Assignment.
This exercise calls for an exact transcription. Set down every record below.

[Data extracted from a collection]
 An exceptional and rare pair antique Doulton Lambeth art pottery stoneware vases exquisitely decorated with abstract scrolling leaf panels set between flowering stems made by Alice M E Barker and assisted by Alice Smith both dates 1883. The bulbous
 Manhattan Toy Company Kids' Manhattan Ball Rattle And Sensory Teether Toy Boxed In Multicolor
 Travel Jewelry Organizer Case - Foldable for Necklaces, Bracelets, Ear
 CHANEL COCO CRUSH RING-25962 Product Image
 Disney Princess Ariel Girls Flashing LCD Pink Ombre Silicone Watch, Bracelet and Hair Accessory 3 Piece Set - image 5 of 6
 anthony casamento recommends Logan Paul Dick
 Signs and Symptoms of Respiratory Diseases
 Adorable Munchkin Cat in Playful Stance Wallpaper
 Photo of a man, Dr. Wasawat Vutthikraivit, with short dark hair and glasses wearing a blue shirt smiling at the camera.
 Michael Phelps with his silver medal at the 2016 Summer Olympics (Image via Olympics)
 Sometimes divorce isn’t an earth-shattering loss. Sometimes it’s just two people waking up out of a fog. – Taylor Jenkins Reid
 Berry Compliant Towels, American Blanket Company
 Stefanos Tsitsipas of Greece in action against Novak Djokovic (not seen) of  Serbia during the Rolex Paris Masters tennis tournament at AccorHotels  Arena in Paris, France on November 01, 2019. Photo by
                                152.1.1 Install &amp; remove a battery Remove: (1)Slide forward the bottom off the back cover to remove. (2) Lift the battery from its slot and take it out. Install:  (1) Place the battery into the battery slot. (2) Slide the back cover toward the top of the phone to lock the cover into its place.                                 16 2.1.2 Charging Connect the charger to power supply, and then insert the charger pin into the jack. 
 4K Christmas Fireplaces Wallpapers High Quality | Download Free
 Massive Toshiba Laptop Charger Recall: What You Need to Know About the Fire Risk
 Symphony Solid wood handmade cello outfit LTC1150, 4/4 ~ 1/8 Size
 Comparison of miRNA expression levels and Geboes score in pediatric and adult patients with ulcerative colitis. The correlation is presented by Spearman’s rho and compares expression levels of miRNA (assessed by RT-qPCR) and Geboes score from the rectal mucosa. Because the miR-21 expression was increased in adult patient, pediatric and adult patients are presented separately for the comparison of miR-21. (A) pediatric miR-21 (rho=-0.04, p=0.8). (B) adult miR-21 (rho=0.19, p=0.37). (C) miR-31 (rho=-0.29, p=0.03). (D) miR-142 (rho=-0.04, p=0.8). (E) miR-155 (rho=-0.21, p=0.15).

Written solution.
 An exceptional and rare pair antique Doulton Lambeth art pottery stoneware vases exquisitely decorated with abstract scrolling leaf panels set between flowering stems made by Alice M E Barker and assisted by Alice Smith both dates 1883. The bulbous
 Manhattan Toy Company Kids' Manhattan Ball Rattle And Sensory Teether Toy Boxed In Multicolor
 Travel Jewelry Organizer Case - Foldable for Necklaces, Bracelets, Ear
 CHANEL COCO CRUSH RING-25962 Product Image
 Disney Princess Ariel Girls Flashing LCD Pink Ombre Silicone Watch, Bracelet and Hair Accessory 3 Piece Set - image 5 of 6
 anthony casamento recommends Logan Paul Dick
 Signs and Symptoms of Respiratory Diseases
 Adorable Munchkin Cat in Playful Stance Wallpaper
 Photo of a man, Dr. Wasawat Vutthikraivit, with short dark hair and glasses wearing a blue shirt smiling at the camera.
 Michael Phelps with his silver medal at the 2016 Summer Olympics (Image via Olympics)
 Sometimes divorce isn’t an earth-shattering loss. Sometimes it’s just two people waking up out of a fog. – Taylor Jenkins Reid
 Berry Compliant Towels, American Blanket Company
 Stefanos Tsitsipas of Greece in action against Novak Djokovic (not seen) of  Serbia during the Rolex Paris Masters tennis tournament at AccorHotels  Arena in Paris, France on November 01, 2019. Photo by
                                152.1.1 Install &amp; remove a battery Remove: (1)Slide forward the bottom off the back cover to remove. (2) Lift the battery from its slot and take it out. Install:  (1) Place the battery into the battery slot. (2) Slide the back cover toward the top of the phone to lock the cover into its place.                                 16 2.1.2 Charging Connect the charger to power supply, and then insert the charger pin into the jack. 
 4K Christmas Fireplaces Wallpapers High Quality | Download Free
 Massive Toshiba Laptop Charger Recall: What You Need to Know About the Fire Risk
 Symphony Solid wood handmade cello outfit LTC1150, 4/4 ~ 1/8 Size
 Comparison of miRNA expression levels and Geboes score in pediatric and adult patients with ulcerative colitis. The correlation is presented by Spearman’s rho and compares expression levels of miRNA (assessed by RT-qPCR) and Geboes score from the rectal mucosa. Because the miR-21 expression was increased in adult patient, pediatric and adult patients are presented separately for the comparison of miR-21. (A) pediatric miR-21 (rho=-0.04, p=0.8). (B) adult miR-21 (rho=0.19, p=0.37). (C) miR-31 (rho=-0.29, p=0.03). (D) miR-142 (rho=-0.04, p=0.8). (E) miR-155 (rho=-0.21, p=0.15).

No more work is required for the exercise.